Human observers – you and I – are bounded. We can’t breathe in the absence of oxygen. We don’t have wings. We’re relatively smart – we can built things to enable us to breathe underwater or fly across the ocean. We can build computers to do math we can’t do in our own heads. But the perceptual and cognitive limits are still there. We can expand them but not infinitely.

So the suggestion is that perhaps the concept of oneness points to something that we cannot actually perceive. We can be very peaceful and content and happy, and it is my wish that all life attain that state, but is that oneness?

Often when we say “one” or “oneness” what we mean is a set of one, and we are that set. But another way of thinking about oneness is that it is a state of equilibrium. You could imagine many guitar strings resonating harmoniously and thus making one chord.

Jimi Hendrix wanted to bring hundreds of people together will a bunch of musical instruments. Didn’t matter whether they knew how to play them or had musical training or not. Just get everyone together, give them an instrument, and start them playing. At first it would be dissonant and chaotic. But Hendrix believed that after a sufficiency of time, something beautiful and harmonious would emerge, because that was the nature of humans being together and creating together. We listen: we collaborate: we synchronize: we harmonize.

Humberto Maturana characterized this harmony as an “unexpected turn in an always / recursive dancing dance.”

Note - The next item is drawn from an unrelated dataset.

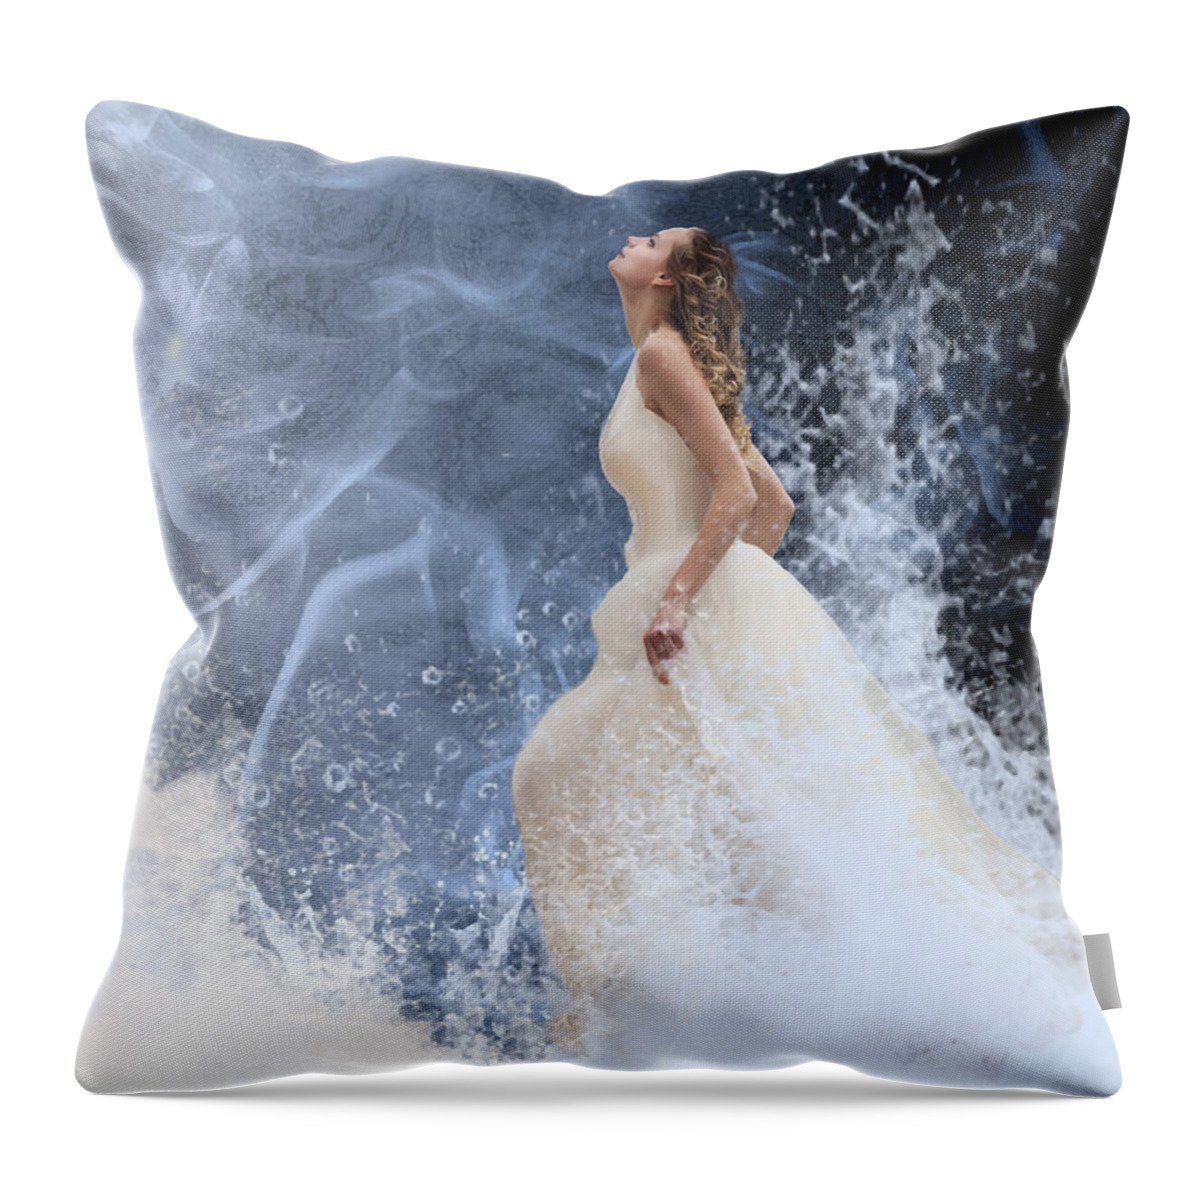 Waves Of His Glory Throw Pillow featuring the digital art Waves of His Glory by Jennifer Page

Empty seems human life to be!
Yes! . . . Or rich, in the fullness
of an always changing present
of eating, playing, and kissing.

Perhaps unity is not the single body joined with others in a set of single bodies all together but rather the harmonious being that arises from those bodies in the bringing forth of love, without regard to their spatial and temporal distribution. If we look at it that way, instead of the way we are conditioned to look at it, what happens?

Salvation is a secret you have kept but from yourself. The universe proclaims it so . . . How differently you will perceive the world when this is recognized! (T-27.VIII.12:4-5, 13:1)

I speak merely to a way of living – of bringing forth love – that has been helpful for me. It is to go deeply into the questions that naturally arise as one investigates what it means to be a self among other selves in a world that seems unduly complex and conflicted. There are answers! And there is a way to live in those answer such that problems as such do not arise as obstacles but as opportunities to love, and so what remains is what always was which is love.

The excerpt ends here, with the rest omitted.